In 2005, the District hired a consulting firm to help pin down that elusive cost figure. But after examining the District's books, the firm threw up its hands and gave up. It said it could find "no adequate methodology." Now, working with a second consultant, the District claims that it has installed a tracking system that'll reveal the total cost of the access permit system by year-end. Theoretically, new permit fees will go into effect on January 1, 2010. I don't know about you, but I'm not holding my breath.


This National Grid lawsuit may go nowhere, or the company may win some or all of its claims. Worst case, if the access permit system is eliminated, you and I could experience serious damage to our property values and quality of life.

Meanwhile, don't assume that front-lot and back-lot property owners are the only entities that could be potentially classified as upstream beneficiaries. We have plenty of company.

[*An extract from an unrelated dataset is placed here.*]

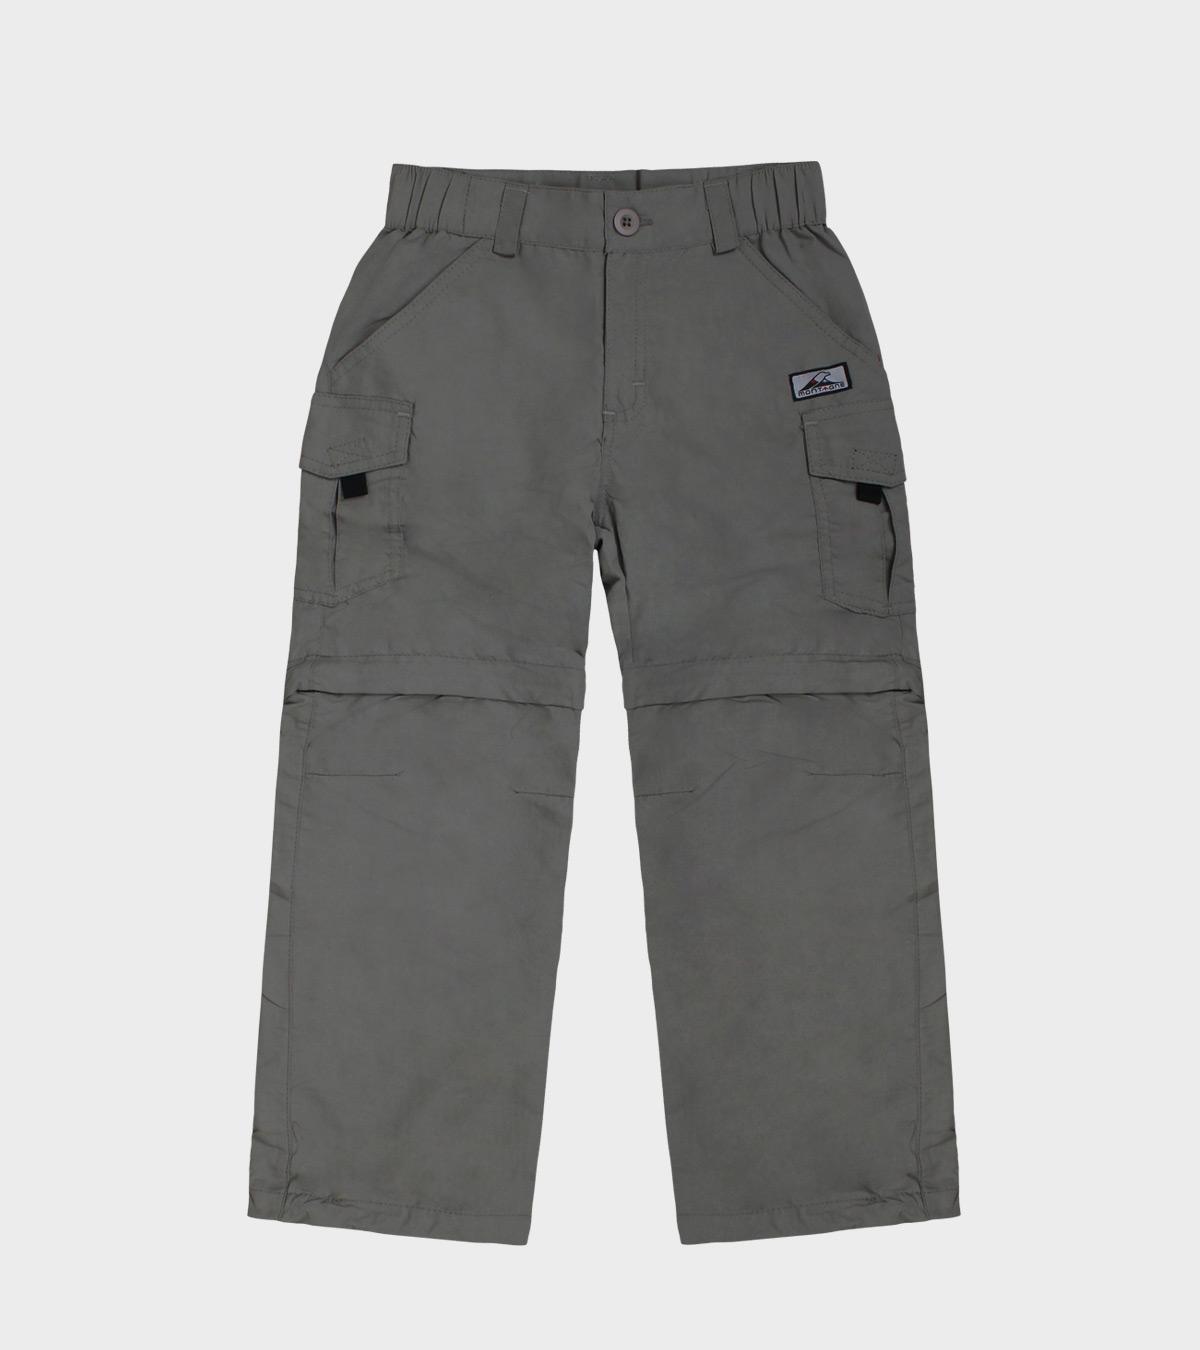 Pantalón de niños Tanny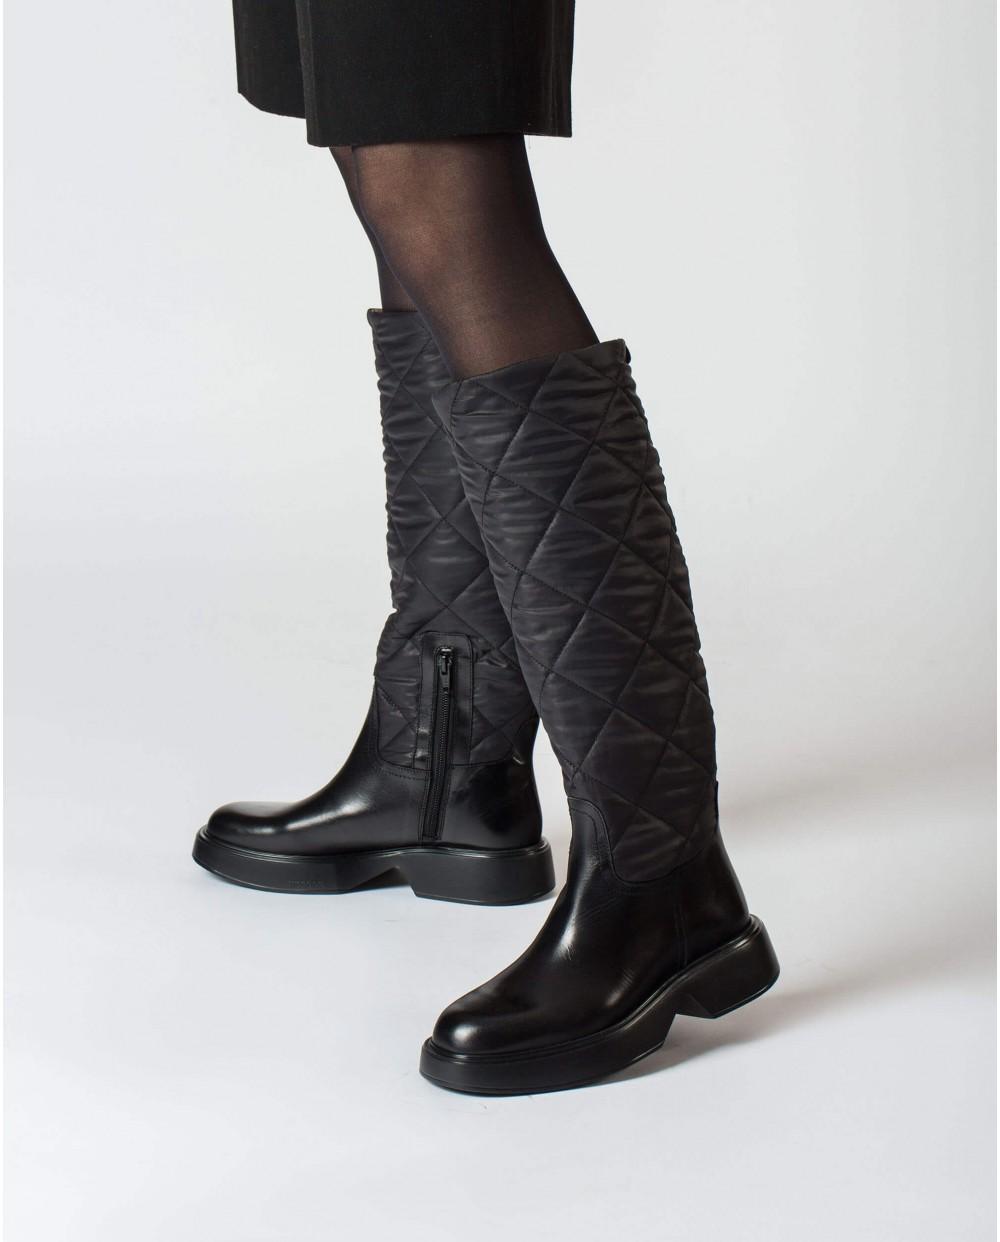 Wonders-Boots-Velar Black Padded boot

For example, if the lake didn't exist and local towns and villages didn't benefit from high taxes on front-lot and back-lot properties, would the Town of Edinburg be able to afford its Edinburg Common School? Without the presence of customers attracted to the area by the lake, would the Village of Northville have a grocery store and a drug store? Without the construction of new lake dwellings and the expansion of existing ones, how many contractors, carpenters, plumbers, roofers, electricians, painters -- and the businesses that supply them -- would exist in the area? All could be considered beneficiaries of the lake.


You should be alert to the fact that this National Grid lawsuit is the type of litigation that begets other lawsuits. Some people are not happy with the fact that Great Sacandaga's access permit holders hold a seeming monopoly on a slice of the state-owned buffer zone around the lake. This would be a propitious time for those critics to launch a legal attack on the access permit system that would open the buffer zone to the public.

Also, it is conceivable that the lake's property owners -- fed up with the District's never-ending incompetence -- will fund a class-action lawsuit designed to free us from the oversight of this bumbling state authority.


On November 20, 2008, the NYS Department of Transportation opened bids from two construction firms interested in taking on the Batchellerville Bridge Replacement Project. DOT then had 45 days to decide what to do. Well, that grace period has elapsed, and DOT has not made a decision. The two bidders now have the right to withdraw their bids, which has not yet happened. Meanwhile, the project is stalled. The two bidders are Chemung Contracting Company of Elmira ($64.1 million) and Kubricky Construction of Queensbury ($66.4 million). DOT has budgeted $38.9 million for the project.


The Regulating District's board does not plan to meet in either February or August. Its next regularly scheduled meeting will be held at 10:00 a.m. on Tuesday, March 10, 2009 at Utica State Office Building, 207 Genesee Street, Utica.


The lake's level is currently at 751.75 feet above sea level -- about 1 foot above target.